» **Description of the task**
Repeat the data word for word, excluding every picture.

» **Data segment**
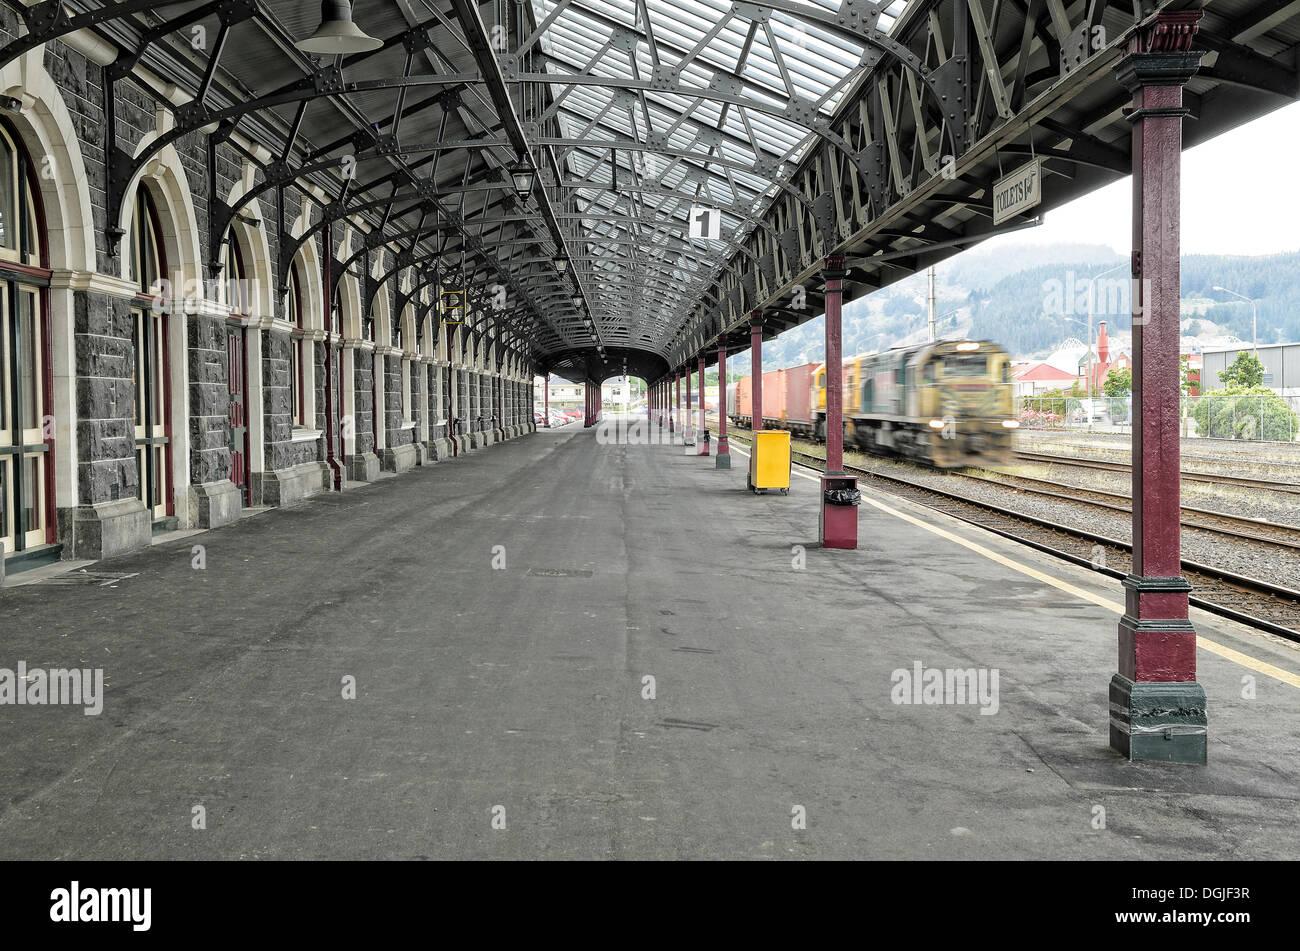 Platform with a train entering the station, historic Dunedin Railway Station, Dunedin, South Island, New Zealand, Oceania - Stock Image
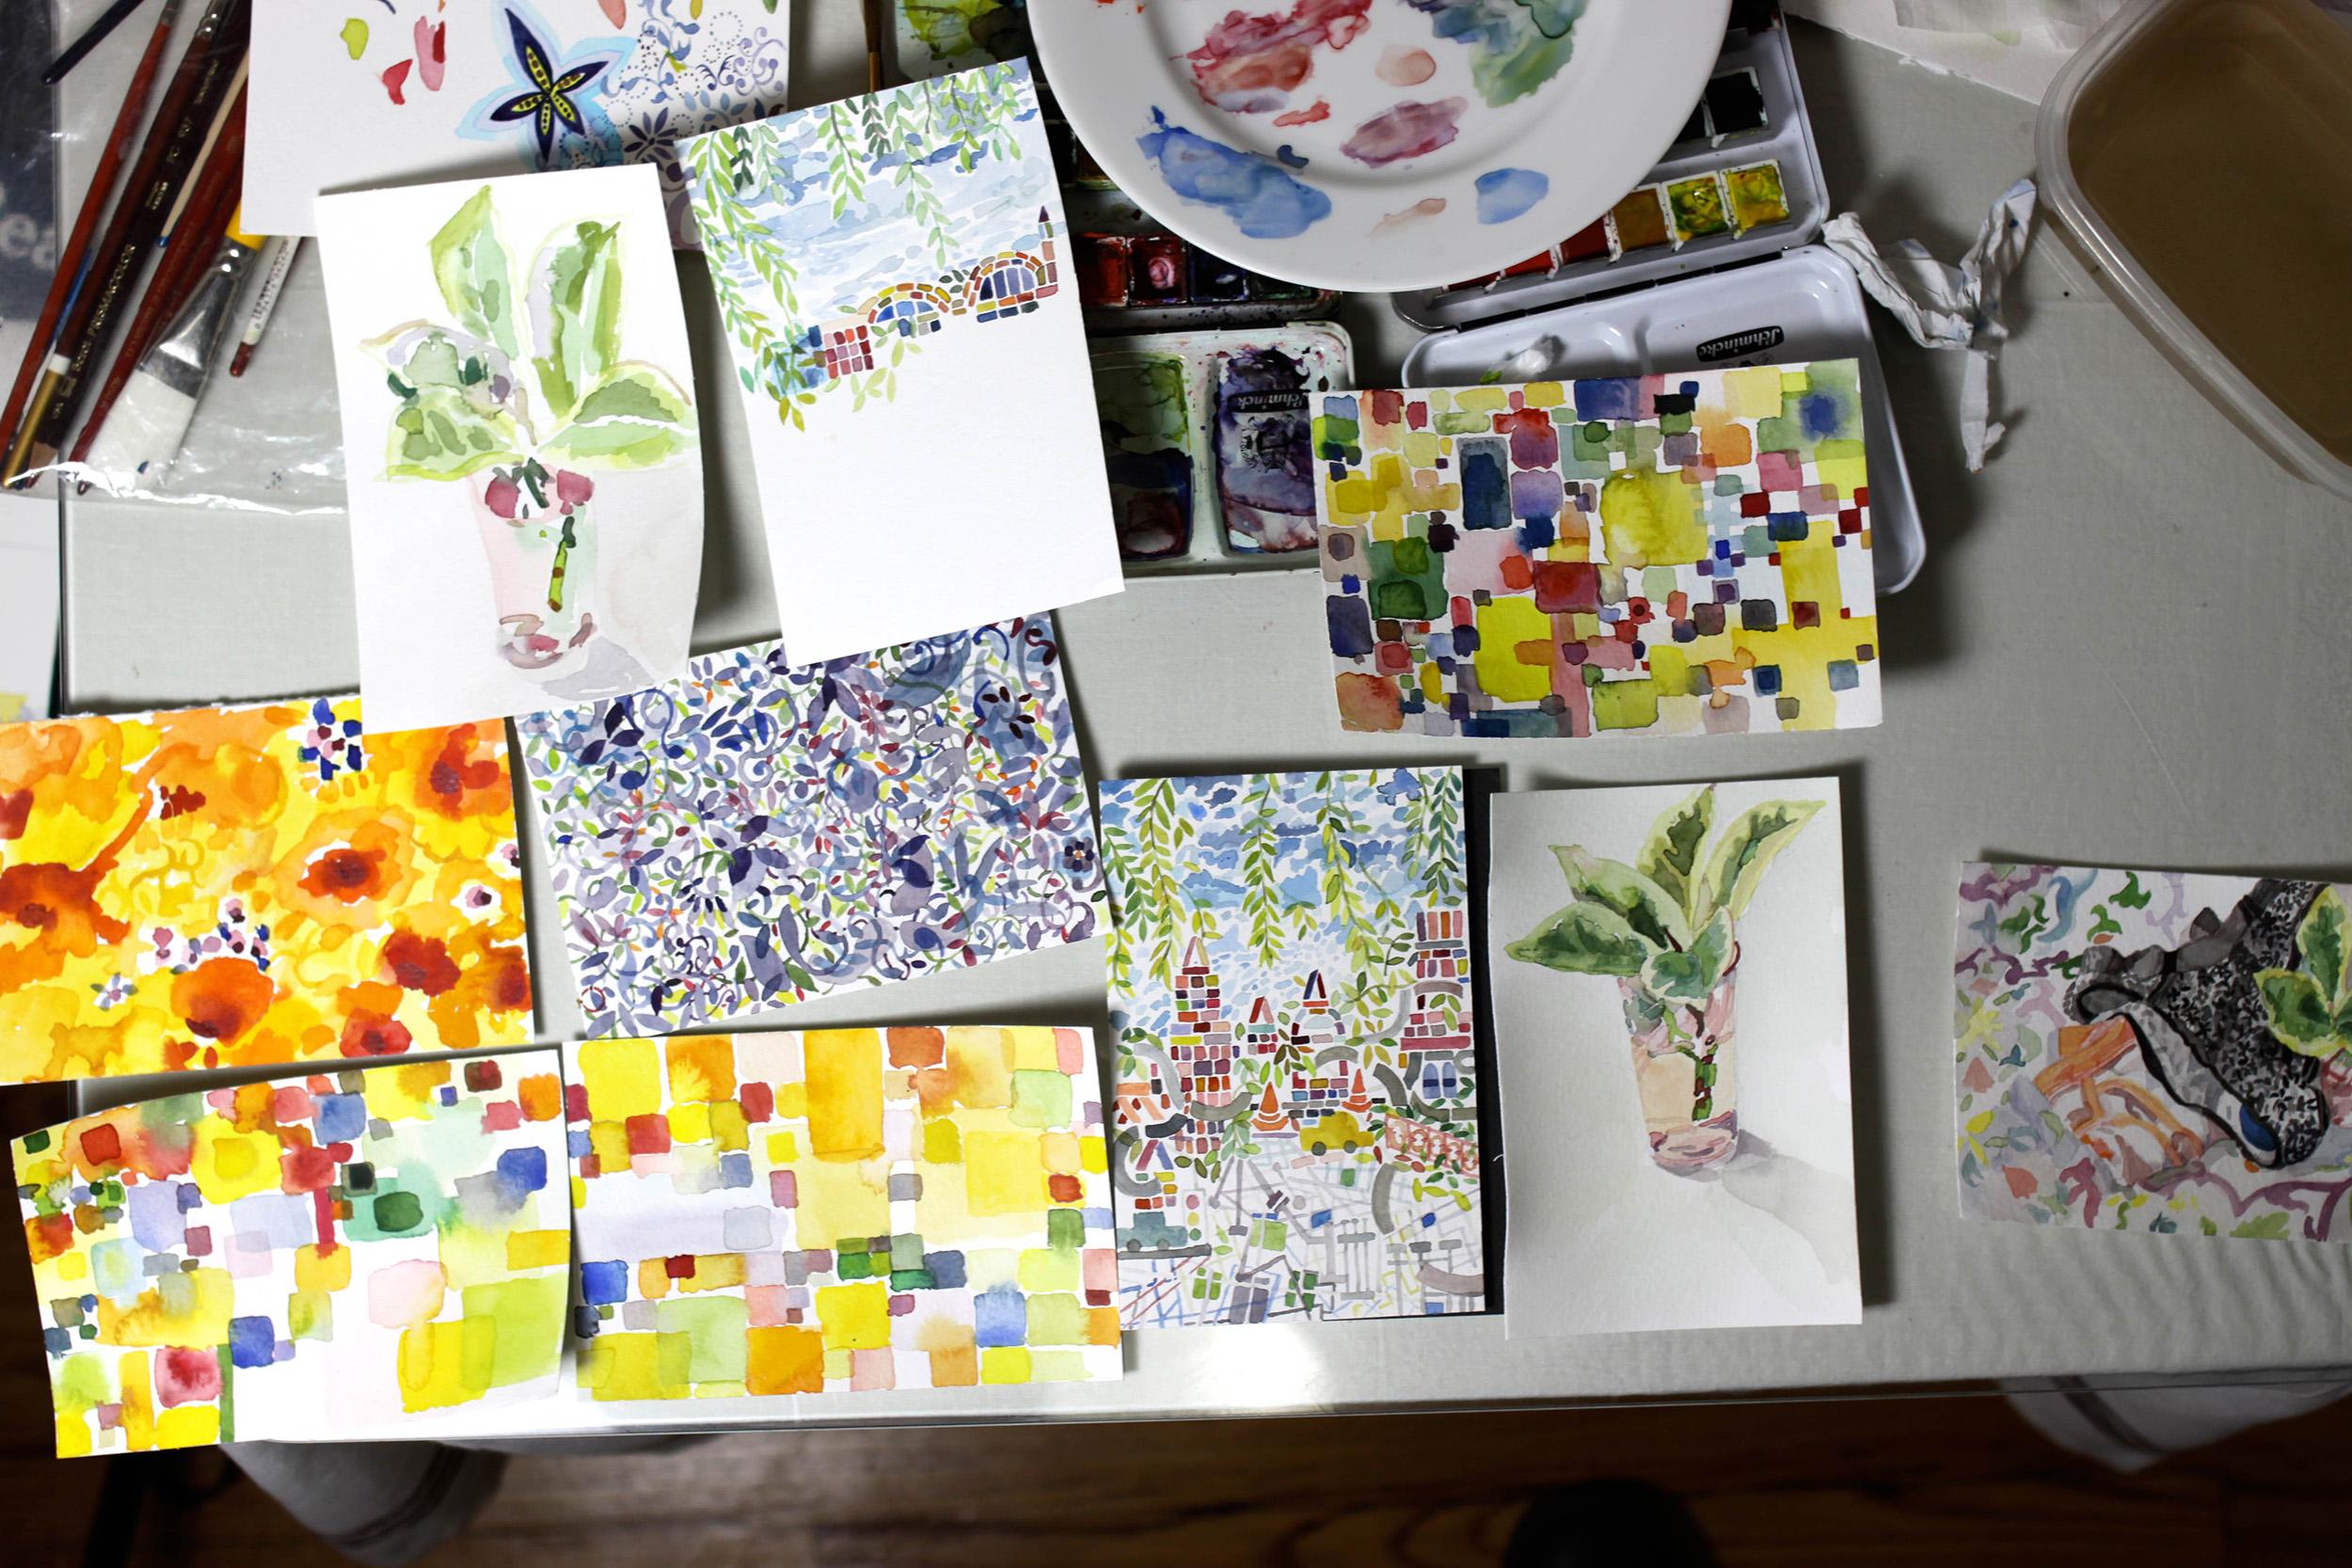 2008. Postcards in studio photo
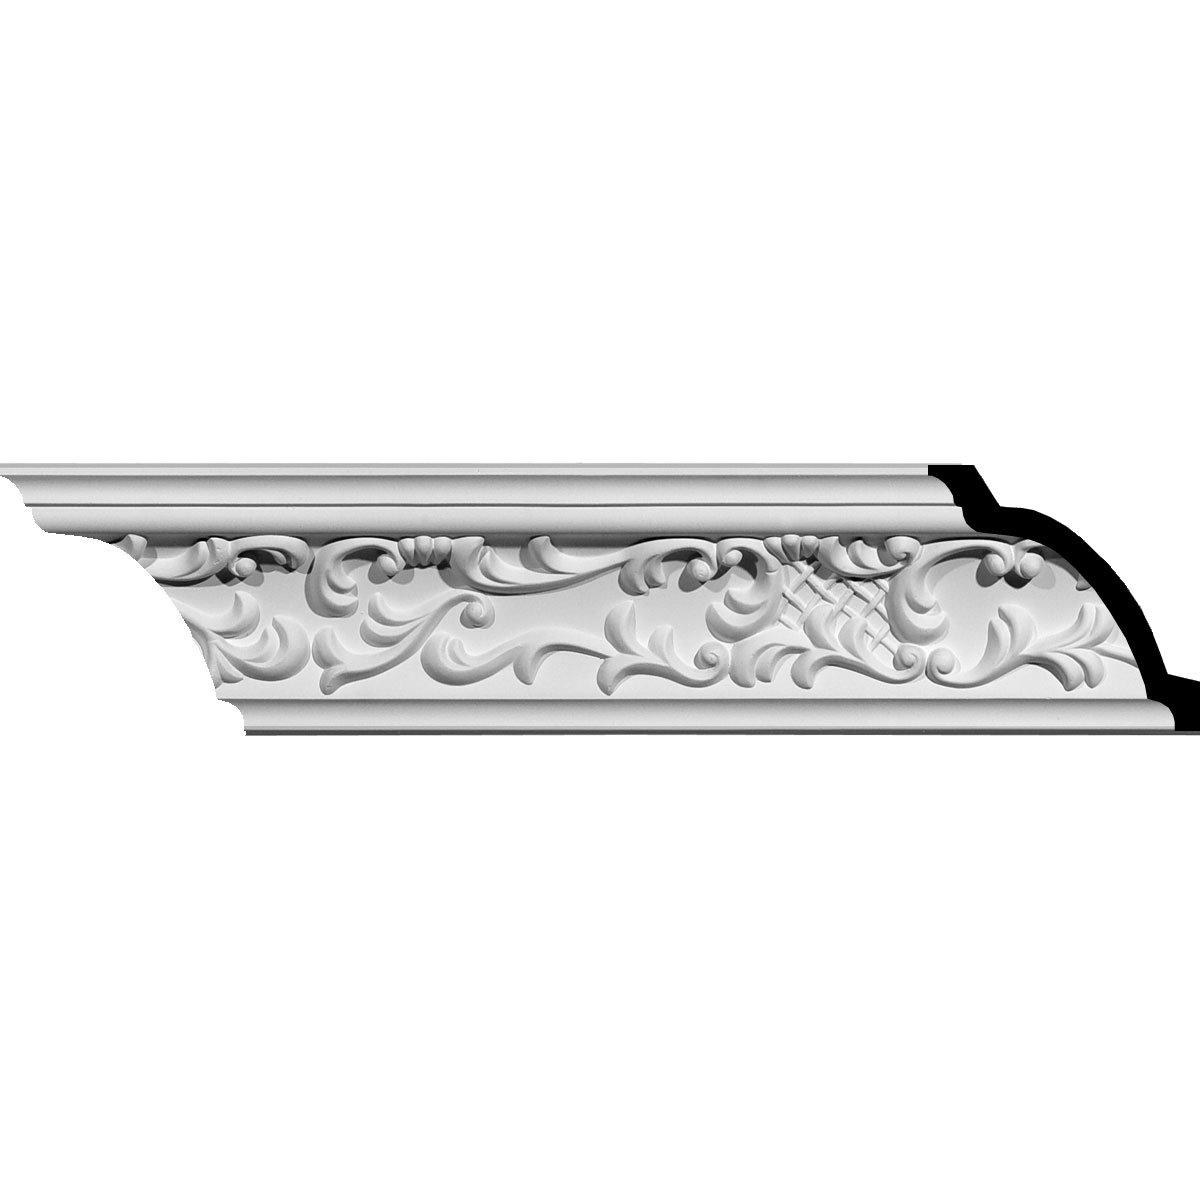 "Ekena Millwork MLD03X03X05SG-CASE-2 Strasbourg Crown Moulding (2-Pack), 3 5/8""H x 3 5/8""P x 5 1/4""F x 94 1/2""L, Factory Primed"

» **Exercise output**
 Platform with a train entering the station, historic Dunedin Railway Station, Dunedin, South Island, New Zealand, Oceania - Stock Image
 2008. Postcards in studio photo
 "Ekena Millwork MLD03X03X05SG-CASE-2 Strasbourg Crown Moulding (2-Pack), 3 5/8""H x 3 5/8""P x 5 1/4""F x 94 1/2""L, Factory Primed"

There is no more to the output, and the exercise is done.